Start of Block
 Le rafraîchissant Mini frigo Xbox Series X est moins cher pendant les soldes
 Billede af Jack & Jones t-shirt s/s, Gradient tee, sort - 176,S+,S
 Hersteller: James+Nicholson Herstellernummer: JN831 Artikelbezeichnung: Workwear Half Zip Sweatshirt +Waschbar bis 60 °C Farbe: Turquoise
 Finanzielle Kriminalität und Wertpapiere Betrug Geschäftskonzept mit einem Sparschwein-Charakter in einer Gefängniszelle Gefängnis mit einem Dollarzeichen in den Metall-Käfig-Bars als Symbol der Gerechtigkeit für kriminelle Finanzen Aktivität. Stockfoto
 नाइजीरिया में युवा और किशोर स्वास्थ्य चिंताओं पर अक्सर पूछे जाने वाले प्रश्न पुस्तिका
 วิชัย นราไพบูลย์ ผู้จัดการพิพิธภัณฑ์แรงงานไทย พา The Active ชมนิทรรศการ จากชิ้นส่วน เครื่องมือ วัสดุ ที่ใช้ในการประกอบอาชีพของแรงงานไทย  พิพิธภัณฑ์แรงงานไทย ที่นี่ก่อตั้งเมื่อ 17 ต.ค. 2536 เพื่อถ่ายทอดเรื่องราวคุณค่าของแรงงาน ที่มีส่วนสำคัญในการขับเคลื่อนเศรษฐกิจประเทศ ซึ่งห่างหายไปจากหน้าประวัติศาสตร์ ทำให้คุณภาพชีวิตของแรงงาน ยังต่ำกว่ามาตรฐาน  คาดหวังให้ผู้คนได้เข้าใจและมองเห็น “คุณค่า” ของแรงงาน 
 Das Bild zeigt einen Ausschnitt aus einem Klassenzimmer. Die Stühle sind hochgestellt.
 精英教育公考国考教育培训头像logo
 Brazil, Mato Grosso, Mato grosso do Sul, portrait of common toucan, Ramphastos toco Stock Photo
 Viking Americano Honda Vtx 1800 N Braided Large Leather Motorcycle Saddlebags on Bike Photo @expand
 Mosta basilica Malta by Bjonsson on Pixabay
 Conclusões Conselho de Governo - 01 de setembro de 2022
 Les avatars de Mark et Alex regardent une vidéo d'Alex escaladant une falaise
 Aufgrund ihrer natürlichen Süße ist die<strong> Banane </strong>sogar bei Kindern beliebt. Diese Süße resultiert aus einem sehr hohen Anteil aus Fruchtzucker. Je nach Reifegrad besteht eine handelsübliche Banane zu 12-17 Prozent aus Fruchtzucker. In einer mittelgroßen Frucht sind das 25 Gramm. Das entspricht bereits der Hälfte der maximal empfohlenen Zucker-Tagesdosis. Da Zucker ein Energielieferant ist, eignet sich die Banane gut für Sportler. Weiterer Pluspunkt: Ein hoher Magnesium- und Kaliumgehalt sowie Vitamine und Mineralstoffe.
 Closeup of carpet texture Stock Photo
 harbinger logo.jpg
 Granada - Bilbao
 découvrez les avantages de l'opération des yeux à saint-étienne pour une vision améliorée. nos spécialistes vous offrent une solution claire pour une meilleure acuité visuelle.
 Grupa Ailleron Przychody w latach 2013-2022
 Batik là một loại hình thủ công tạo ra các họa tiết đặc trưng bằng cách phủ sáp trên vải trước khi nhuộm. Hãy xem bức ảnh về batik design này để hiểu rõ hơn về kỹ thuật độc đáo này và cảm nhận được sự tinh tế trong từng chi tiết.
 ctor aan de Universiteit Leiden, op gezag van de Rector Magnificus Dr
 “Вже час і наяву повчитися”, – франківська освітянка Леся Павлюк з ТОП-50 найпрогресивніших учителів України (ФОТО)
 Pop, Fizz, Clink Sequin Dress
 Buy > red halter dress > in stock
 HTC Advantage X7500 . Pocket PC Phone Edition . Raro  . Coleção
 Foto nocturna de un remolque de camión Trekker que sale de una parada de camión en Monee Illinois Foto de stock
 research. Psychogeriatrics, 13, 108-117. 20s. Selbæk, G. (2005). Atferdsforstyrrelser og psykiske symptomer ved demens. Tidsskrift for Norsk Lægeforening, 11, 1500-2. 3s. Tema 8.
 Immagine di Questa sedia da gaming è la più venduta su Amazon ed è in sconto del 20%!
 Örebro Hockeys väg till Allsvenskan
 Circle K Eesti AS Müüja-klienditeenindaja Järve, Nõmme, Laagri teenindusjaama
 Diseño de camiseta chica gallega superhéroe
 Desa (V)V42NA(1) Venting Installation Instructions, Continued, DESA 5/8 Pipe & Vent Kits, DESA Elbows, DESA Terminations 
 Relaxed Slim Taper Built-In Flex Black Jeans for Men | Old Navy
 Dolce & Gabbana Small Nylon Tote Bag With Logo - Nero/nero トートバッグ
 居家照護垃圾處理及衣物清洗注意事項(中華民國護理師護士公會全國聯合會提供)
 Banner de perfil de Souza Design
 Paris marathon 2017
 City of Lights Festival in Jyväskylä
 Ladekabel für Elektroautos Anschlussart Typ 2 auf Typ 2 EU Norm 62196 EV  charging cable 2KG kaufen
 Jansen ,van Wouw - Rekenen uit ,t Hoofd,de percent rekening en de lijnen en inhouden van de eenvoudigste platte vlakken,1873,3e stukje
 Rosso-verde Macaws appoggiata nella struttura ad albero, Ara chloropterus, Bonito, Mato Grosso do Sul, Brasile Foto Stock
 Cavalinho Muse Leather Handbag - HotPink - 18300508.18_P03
End of Block
Across the whole listing, every line must be copied exactly.

 Le rafraîchissant Mini frigo Xbox Series X est moins cher pendant les soldes
 Billede af Jack & Jones t-shirt s/s, Gradient tee, sort - 176,S+,S
 Hersteller: James+Nicholson Herstellernummer: JN831 Artikelbezeichnung: Workwear Half Zip Sweatshirt +Waschbar bis 60 °C Farbe: Turquoise
 Finanzielle Kriminalität und Wertpapiere Betrug Geschäftskonzept mit einem Sparschwein-Charakter in einer Gefängniszelle Gefängnis mit einem Dollarzeichen in den Metall-Käfig-Bars als Symbol der Gerechtigkeit für kriminelle Finanzen Aktivität. Stockfoto
 नाइजीरिया में युवा और किशोर स्वास्थ्य चिंताओं पर अक्सर पूछे जाने वाले प्रश्न पुस्तिका
 วิชัย นราไพบูลย์ ผู้จัดการพิพิธภัณฑ์แรงงานไทย พา The Active ชมนิทรรศการ จากชิ้นส่วน เครื่องมือ วัสดุ ที่ใช้ในการประกอบอาชีพของแรงงานไทย  พิพิธภัณฑ์แรงงานไทย ที่นี่ก่อตั้งเมื่อ 17 ต.ค. 2536 เพื่อถ่ายทอดเรื่องราวคุณค่าของแรงงาน ที่มีส่วนสำคัญในการขับเคลื่อนเศรษฐกิจประเทศ ซึ่งห่างหายไปจากหน้าประวัติศาสตร์ ทำให้คุณภาพชีวิตของแรงงาน ยังต่ำกว่ามาตรฐาน  คาดหวังให้ผู้คนได้เข้าใจและมองเห็น “คุณค่า” ของแรงงาน 
 Das Bild zeigt einen Ausschnitt aus einem Klassenzimmer. Die Stühle sind hochgestellt.
 精英教育公考国考教育培训头像logo
 Brazil, Mato Grosso, Mato grosso do Sul, portrait of common toucan, Ramphastos toco Stock Photo
 Viking Americano Honda Vtx 1800 N Braided Large Leather Motorcycle Saddlebags on Bike Photo @expand
 Mosta basilica Malta by Bjonsson on Pixabay
 Conclusões Conselho de Governo - 01 de setembro de 2022
 Les avatars de Mark et Alex regardent une vidéo d'Alex escaladant une falaise
 Aufgrund ihrer natürlichen Süße ist die<strong> Banane </strong>sogar bei Kindern beliebt. Diese Süße resultiert aus einem sehr hohen Anteil aus Fruchtzucker. Je nach Reifegrad besteht eine handelsübliche Banane zu 12-17 Prozent aus Fruchtzucker. In einer mittelgroßen Frucht sind das 25 Gramm. Das entspricht bereits der Hälfte der maximal empfohlenen Zucker-Tagesdosis. Da Zucker ein Energielieferant ist, eignet sich die Banane gut für Sportler. Weiterer Pluspunkt: Ein hoher Magnesium- und Kaliumgehalt sowie Vitamine und Mineralstoffe.
 Closeup of carpet texture Stock Photo
 harbinger logo.jpg
 Granada - Bilbao
 découvrez les avantages de l'opération des yeux à saint-étienne pour une vision améliorée. nos spécialistes vous offrent une solution claire pour une meilleure acuité visuelle.
 Grupa Ailleron Przychody w latach 2013-2022
 Batik là một loại hình thủ công tạo ra các họa tiết đặc trưng bằng cách phủ sáp trên vải trước khi nhuộm. Hãy xem bức ảnh về batik design này để hiểu rõ hơn về kỹ thuật độc đáo này và cảm nhận được sự tinh tế trong từng chi tiết.
 ctor aan de Universiteit Leiden, op gezag van de Rector Magnificus Dr
 “Вже час і наяву повчитися”, – франківська освітянка Леся Павлюк з ТОП-50 найпрогресивніших учителів України (ФОТО)
 Pop, Fizz, Clink Sequin Dress
 Buy > red halter dress > in stock
 HTC Advantage X7500 . Pocket PC Phone Edition . Raro  . Coleção
 Foto nocturna de un remolque de camión Trekker que sale de una parada de camión en Monee Illinois Foto de stock
 research. Psychogeriatrics, 13, 108-117. 20s. Selbæk, G. (2005). Atferdsforstyrrelser og psykiske symptomer ved demens. Tidsskrift for Norsk Lægeforening, 11, 1500-2. 3s. Tema 8.
 Immagine di Questa sedia da gaming è la più venduta su Amazon ed è in sconto del 20%!
 Örebro Hockeys väg till Allsvenskan
 Circle K Eesti AS Müüja-klienditeenindaja Järve, Nõmme, Laagri teenindusjaama
 Diseño de camiseta chica gallega superhéroe
 Desa (V)V42NA(1) Venting Installation Instructions, Continued, DESA 5/8 Pipe & Vent Kits, DESA Elbows, DESA Terminations 
 Relaxed Slim Taper Built-In Flex Black Jeans for Men | Old Navy
 Dolce & Gabbana Small Nylon Tote Bag With Logo - Nero/nero トートバッグ
 居家照護垃圾處理及衣物清洗注意事項(中華民國護理師護士公會全國聯合會提供)
 Banner de perfil de Souza Design
 Paris marathon 2017
 City of Lights Festival in Jyväskylä
 Ladekabel für Elektroautos Anschlussart Typ 2 auf Typ 2 EU Norm 62196 EV  charging cable 2KG kaufen
 Jansen ,van Wouw - Rekenen uit ,t Hoofd,de percent rekening en de lijnen en inhouden van de eenvoudigste platte vlakken,1873,3e stukje
 Rosso-verde Macaws appoggiata nella struttura ad albero, Ara chloropterus, Bonito, Mato Grosso do Sul, Brasile Foto Stock
 Cavalinho Muse Leather Handbag - HotPink - 18300508.18_P03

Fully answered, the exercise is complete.